Die Frau sah mich erwartungsvoll an, und die Tierärztin grinste verschmitzt, so, als wisse sie, was gleich passieren würde. Und ich habe wirklich keine Ahnung, was mich dazu veranlasste, aber plötzlich sagte ich:
»Okay, ich nehm es.«
»Oh, wirklich?« Freudig überrascht schaute die junge Frau mich an. »Das ist ja prima!« Sie war sichtlich erleichtert. »Ich bezahl natürlich die Untersuchungskosten«, fügte sie hinzu.
»Kommt gar nicht in Frage! Wenn ich das Kätzchen adoptiere, bin ich auch für die Arztkosten zuständig«, sagte ich.
Nachdem die Tierärztin Felix’ Verletzung desinfiziert und versorgt hatte, impfte und untersuchte sie das Kätzchen – und befand alles für in Ordnung. Zum Schluss wollte sie Fieber messen, was das Kätzchen überhaupt nicht lustig fand. Es fauchte, fuhr die winzigen Krallen aus und zog sie der Tierärztin über den Handrücken.

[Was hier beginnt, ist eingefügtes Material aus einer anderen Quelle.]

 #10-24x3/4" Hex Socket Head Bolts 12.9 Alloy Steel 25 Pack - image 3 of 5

»So klein und schon so frech«, grinste die und tupfte sich das Blut ab. »Der arme Felix, der wird nicht viel zu lachen haben …«
Mit zwei Katzen auf dem Rücksitz machte ich mich auf den Nachhauseweg, der ohne besondere Vorkommnisse verlief. In dem von der jungen Frau geliehenen Korb schlief das zusammengerollte Kätzchen, im eigenen Korb saß in aufrechter Haltung Felix, der zu ahnen schien, dass sein uneingeschränktes Herrschertum vorbei war, denn irgendwie wirkte er resigniert. Zuhause angekommen, beobachtete er noch, wie das Kätzchen aus dem Korb und im Wohnzimmer herumkrabbelte und machte sich dann aus dem Staub. Na gut, dachte ich, dann kann ich mich in aller Ruhe Lieschen widmen. Lieschen, so hatte ich die kleine Katze getauft. Als Reminiszenz an meine Mutter, deren Name Liesbeth war, und die ich sehr geliebt hatte.

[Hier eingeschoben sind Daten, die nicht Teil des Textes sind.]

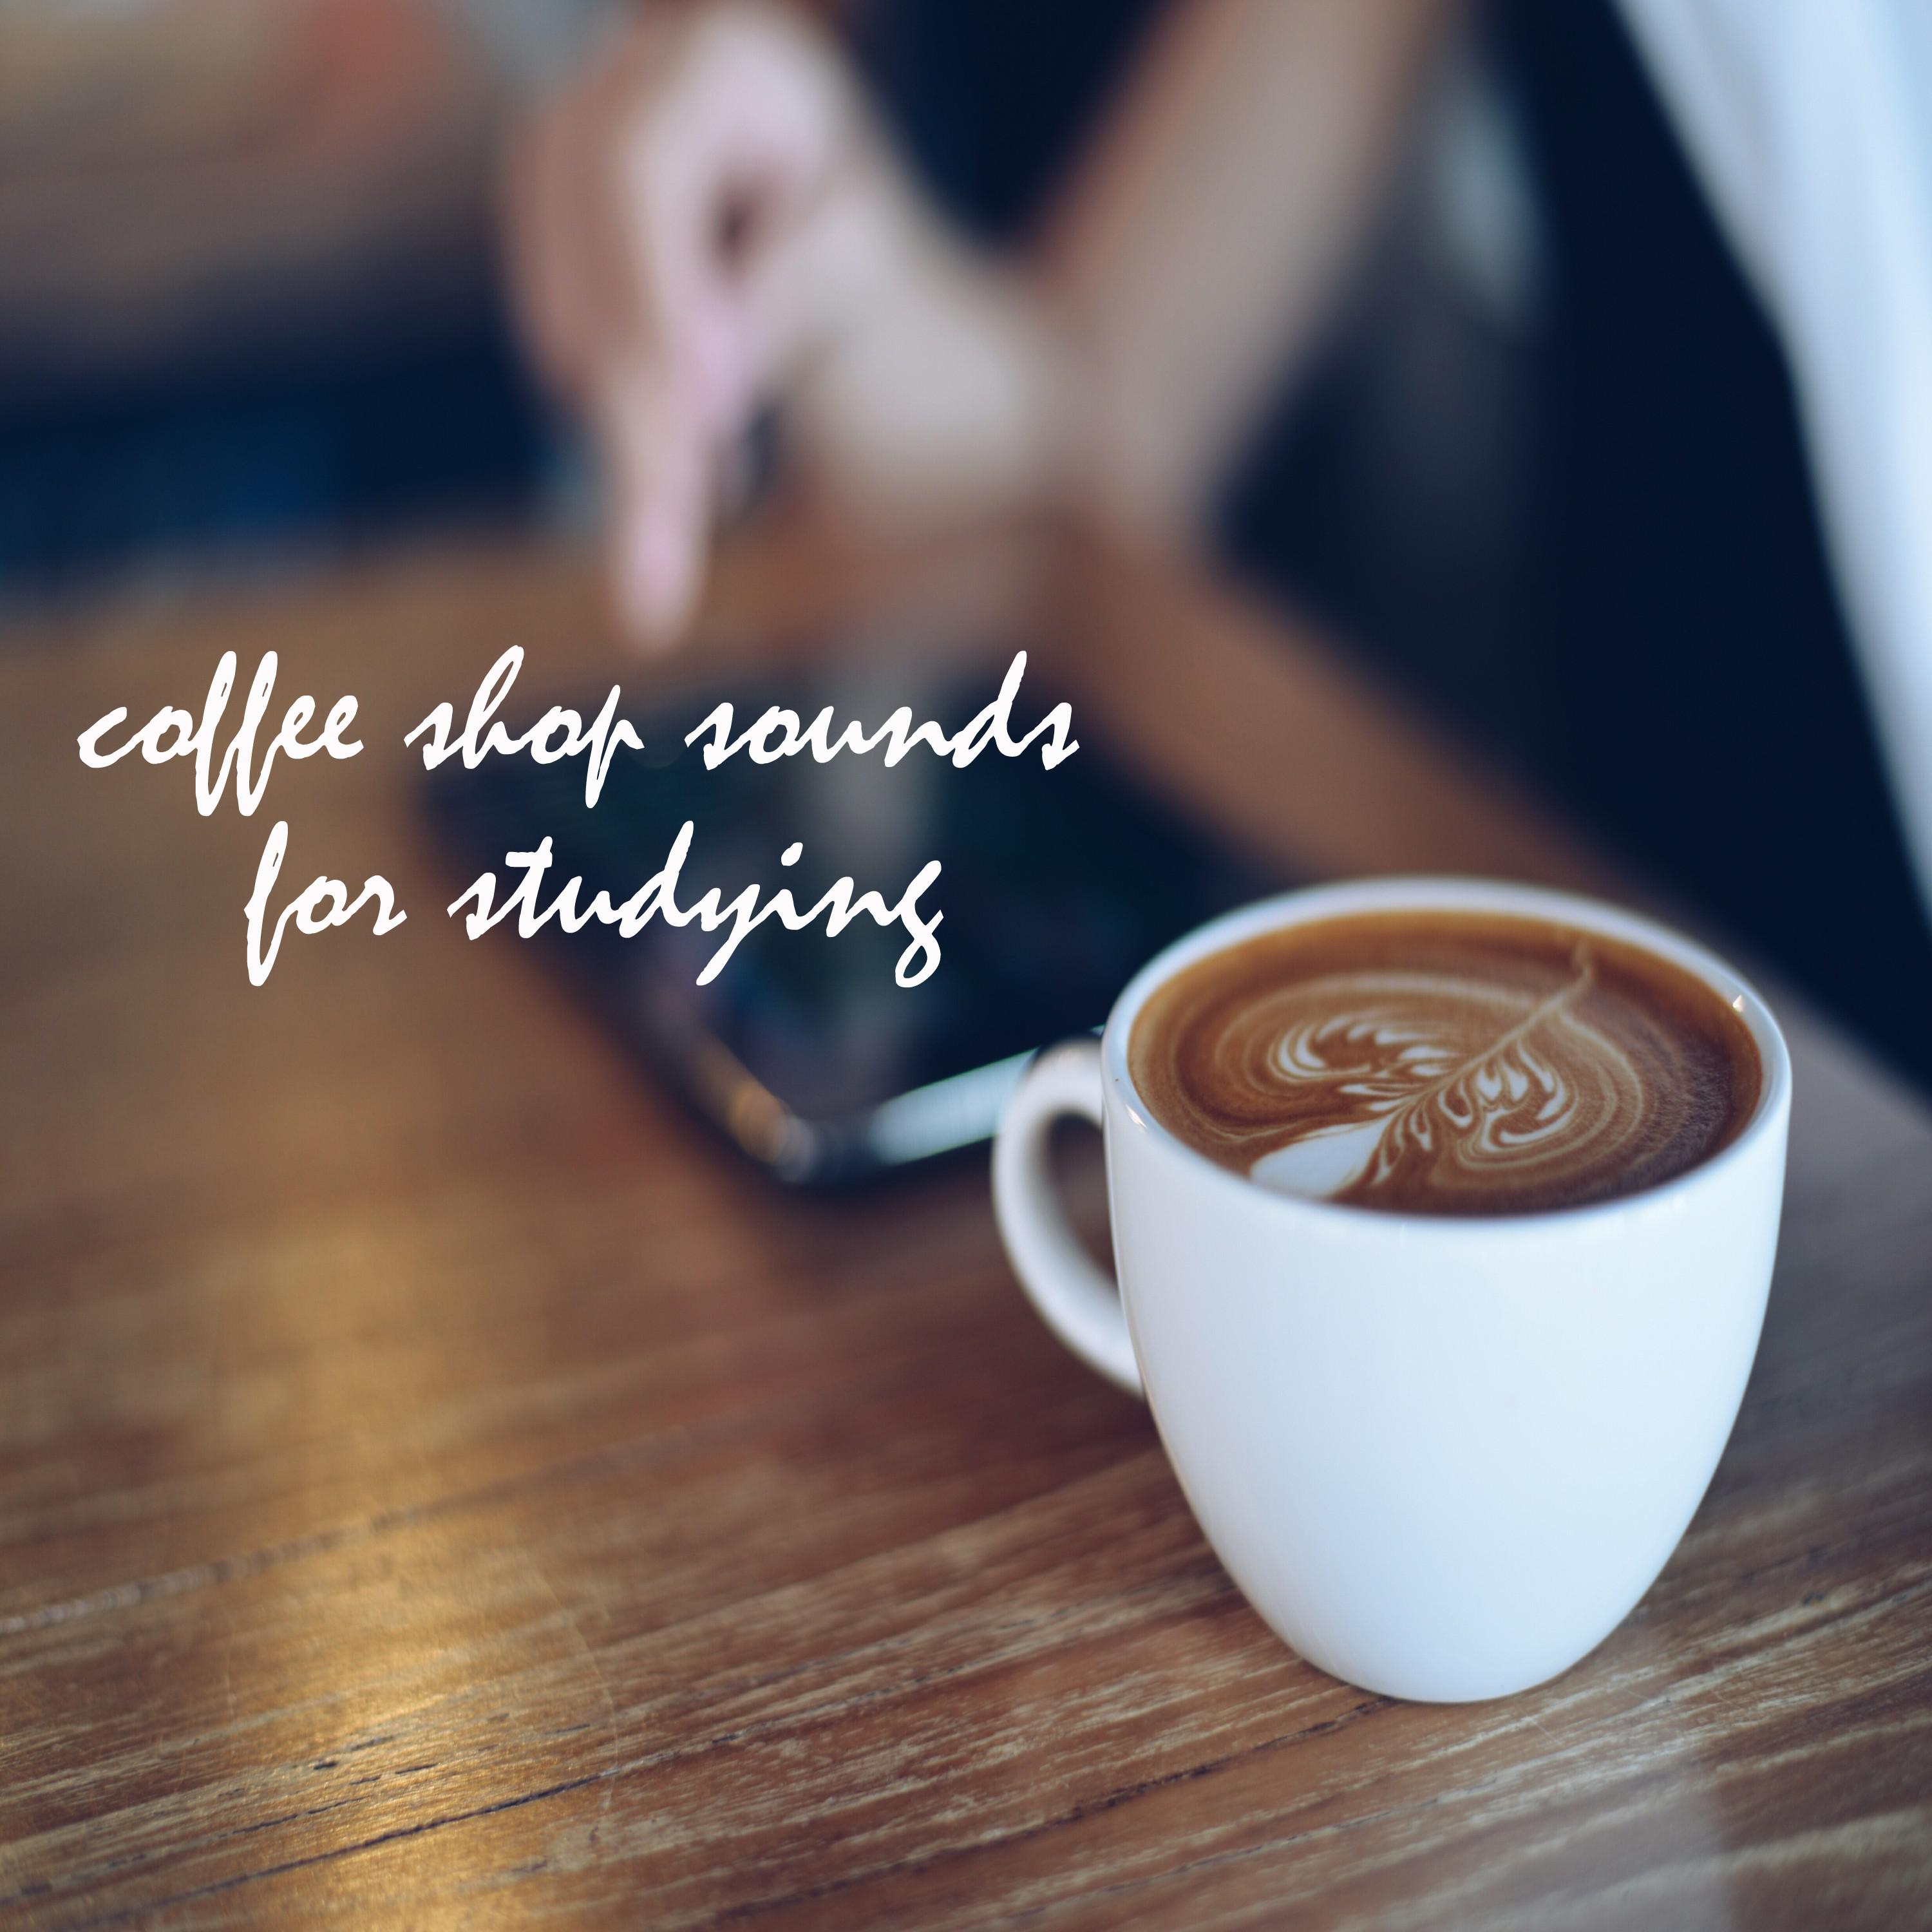 Coffee Shop Sounds for Studying and Working, Pt. 27

Nachdem Felix verschwunden war, tippelte Lieschen auf die Terrasse. Dort schnupperte sie in den Ecken herum, jagte abgestorbenen Blättern hinterher und sprang dann auf den großen Blumentopf mit der Birke. Sie schlug ihre Krallen in die Rinde und hangelte sich stückweise nach oben – ähnlich wie Arbeiter von Stromfirmen, die mit an ihre Füße geschnallten Eisenkrallen den Mast hochklettern. Doch während diese Männer sich nur mit großer Mühe nach oben wuchten, machte Lieschen das ganz leichtfüßig. Wenige Sekunden nur, und sie saß in der Baumkrone. Von dort war es nur noch ein kleiner Sprung zum Dach – das kannte ich ja bereits. Und weil die Terrassensituation ähnlich war wie die in München, war guter Rat nun teuer.

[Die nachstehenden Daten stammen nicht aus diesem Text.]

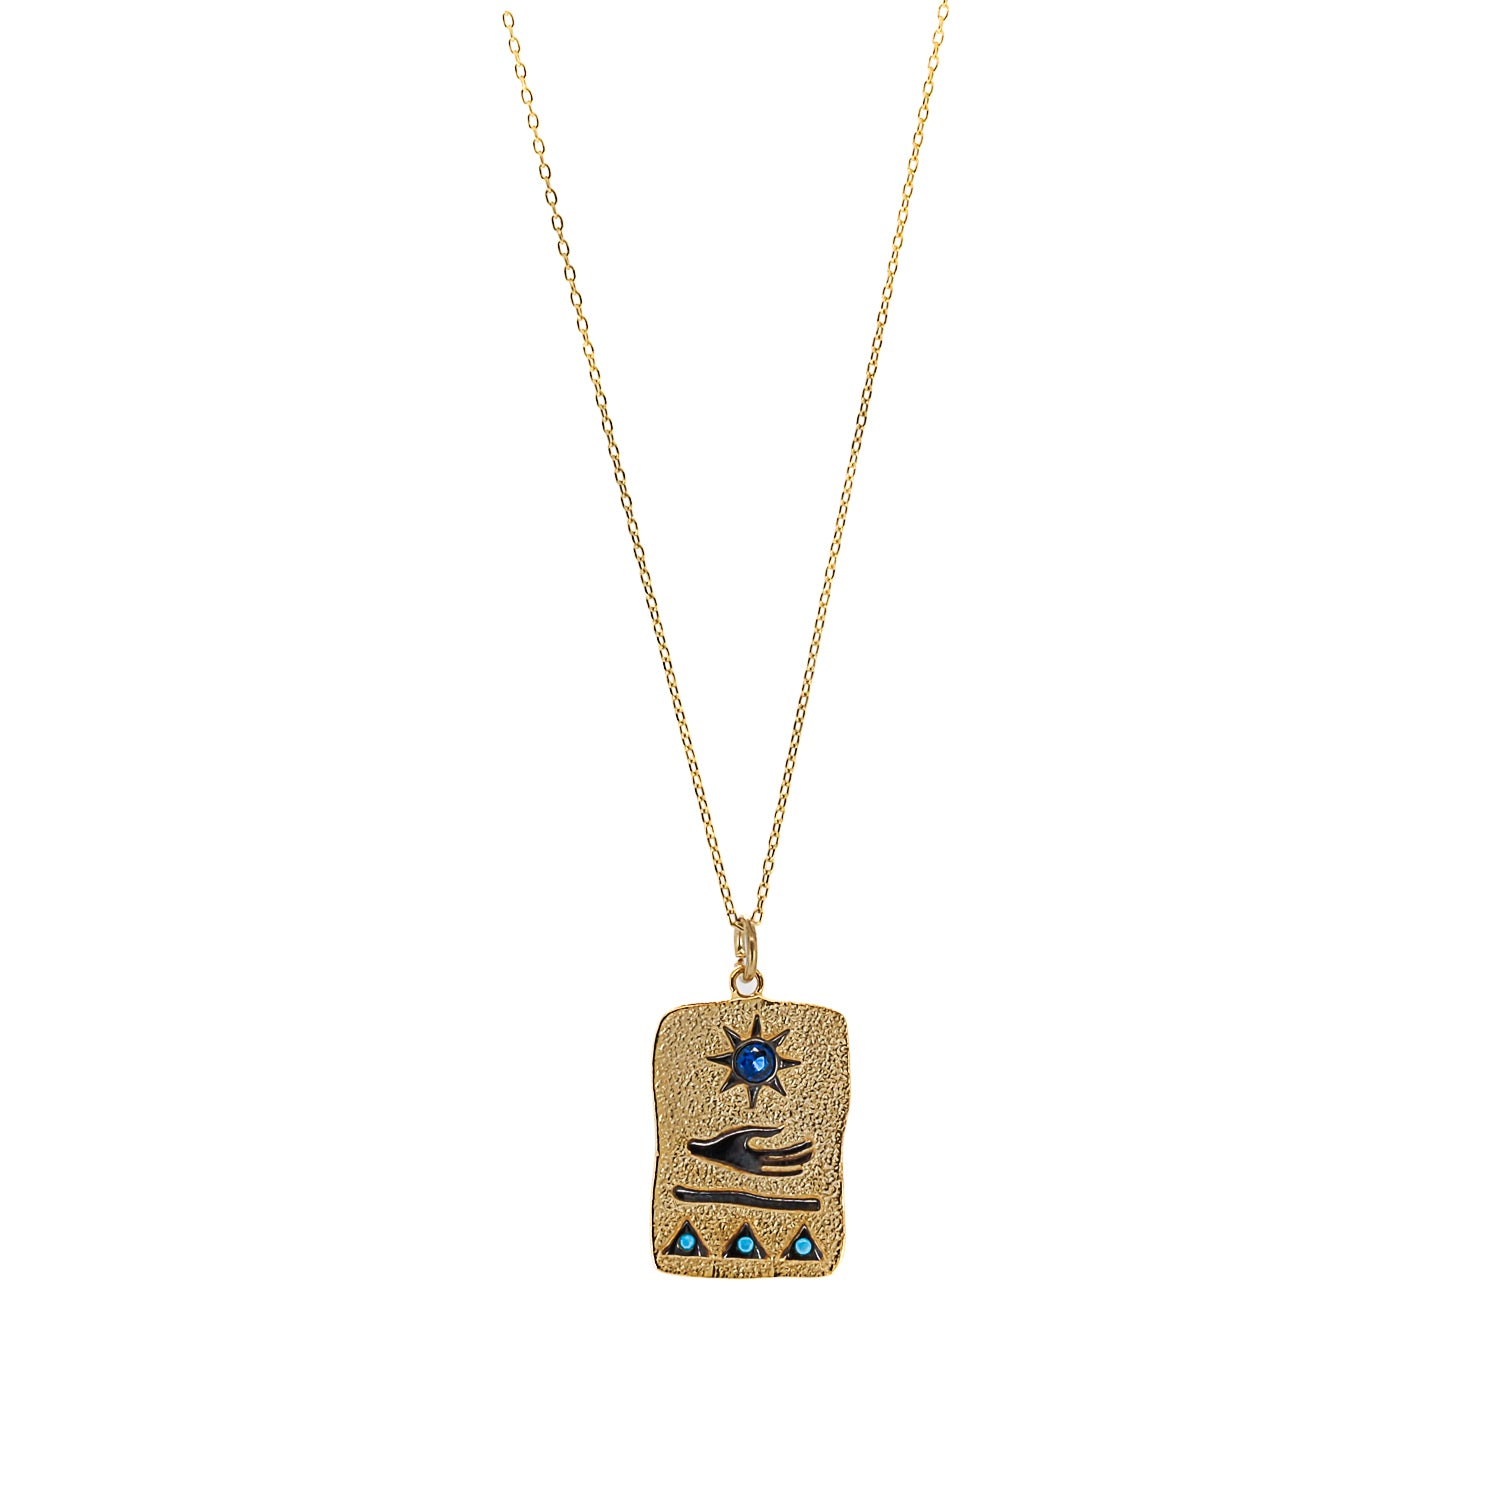 Sterling Silver Necklace Luxuriously Coated in 24K Gold - A Shimmering Delight.

Ich klaubte die kleine Katze vom Baum, sperrte sie ins Wohnzimmer und überlegte mir, wie ich ihre Klettertouren unterbinden könnte. Nicht lange, und mir kam die Idee: ich machte einen vertikalen Schnitt in einen Blumentopf aus Kunststoff, spreizte ihn auseinander, klemmte ihn kopfüber um den Stamm und öffnete dann gespannt die Terrassentür. Zielstrebig tippelte Lieschen auf die Birke zu, hangelte sich wieder den Stamm hoch – und nahm verwundert das Hindernis zur Kenntnis, das ihr jetzt den Weg versperrte.
Man soll sich ja nicht selber loben, aber dieser Einfall mit dem Blumentopf war genial! Lieschen gelangte erst aufs Dach, als sie groß genug dafür war.